ACTIVITY:
Please output every line of the material as it stands, without the pictures.

INFORMATION PROVIDED:

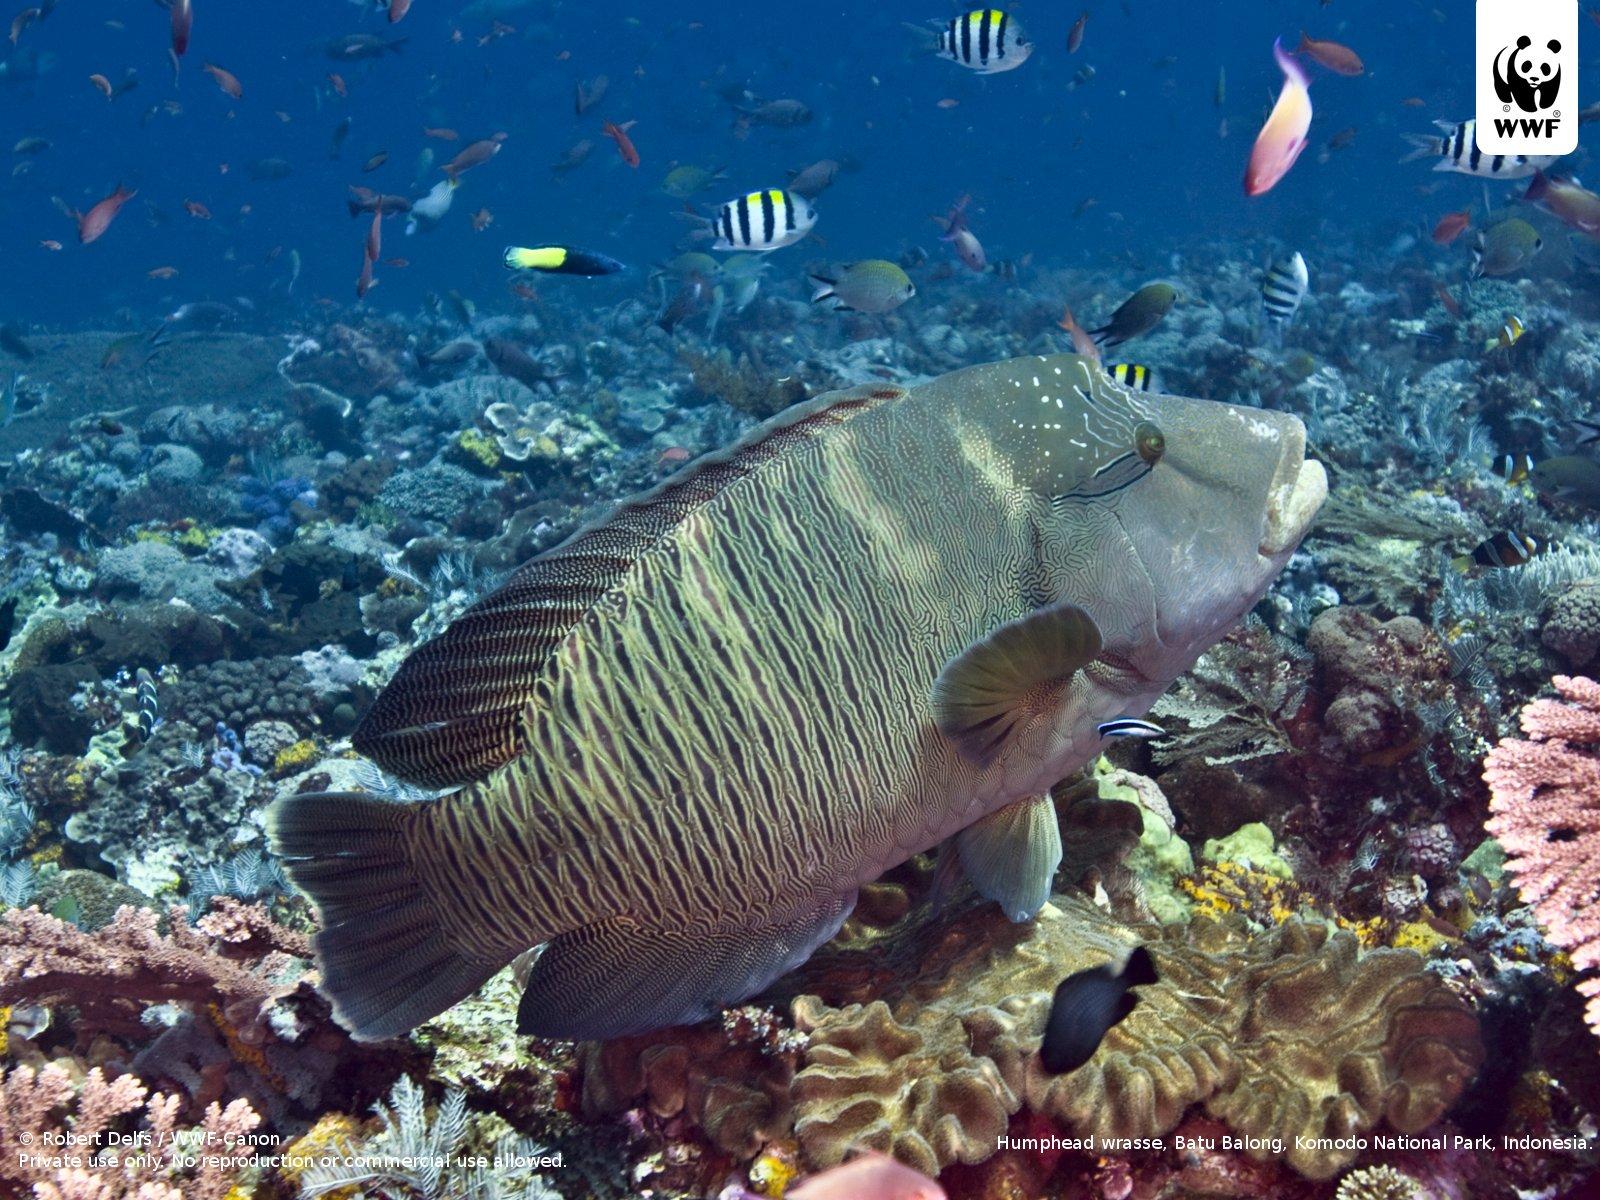 Large numbers of threatened reef fish still traded | WWF | 1600 x 1200 jpeg 424kB
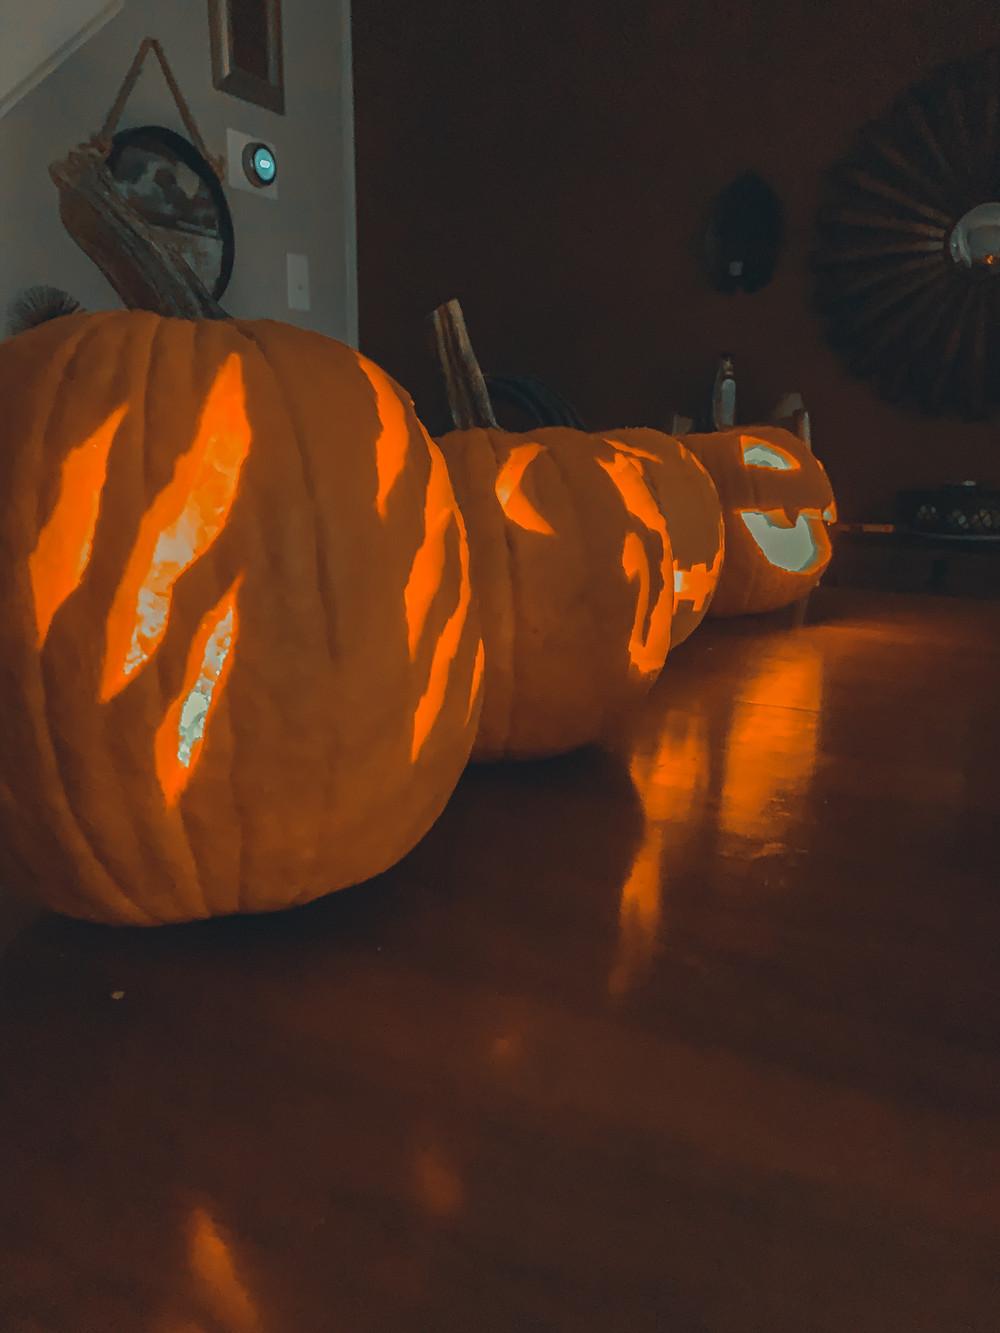 pumpkins jack-o-lanterns
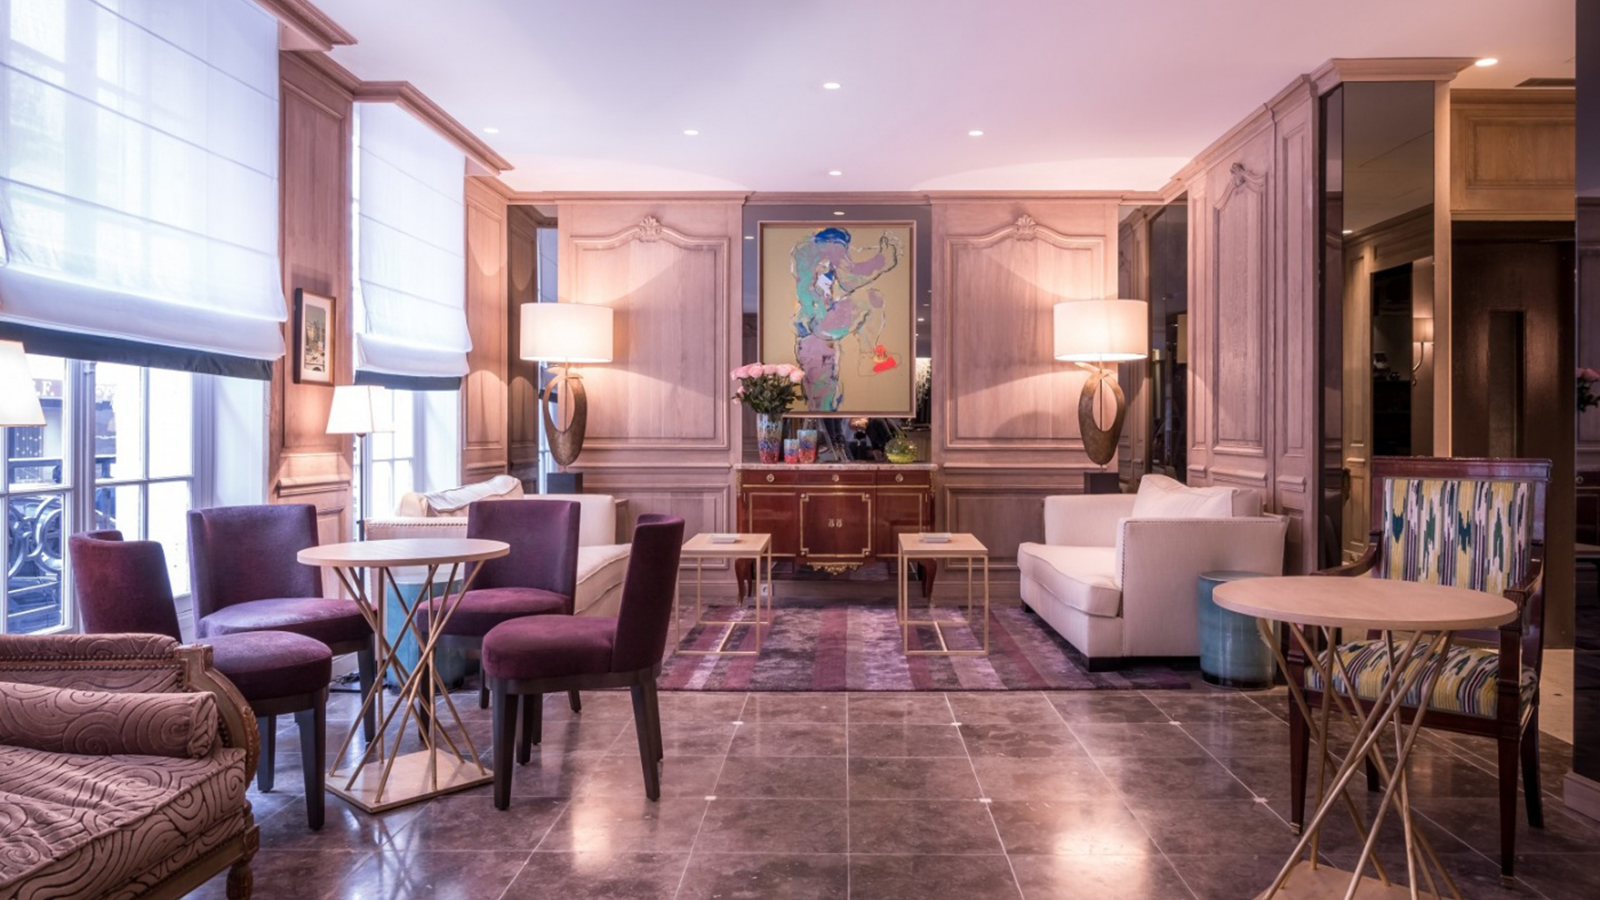 EFI Design Hotel Balmoral Paris Efi Design (6) 1176

RESULT OF THE EXERCISE:
 Large numbers of threatened reef fish still traded | WWF | 1600 x 1200 jpeg 424kB
 pumpkins jack-o-lanterns
 EFI Design Hotel Balmoral Paris Efi Design (6) 1176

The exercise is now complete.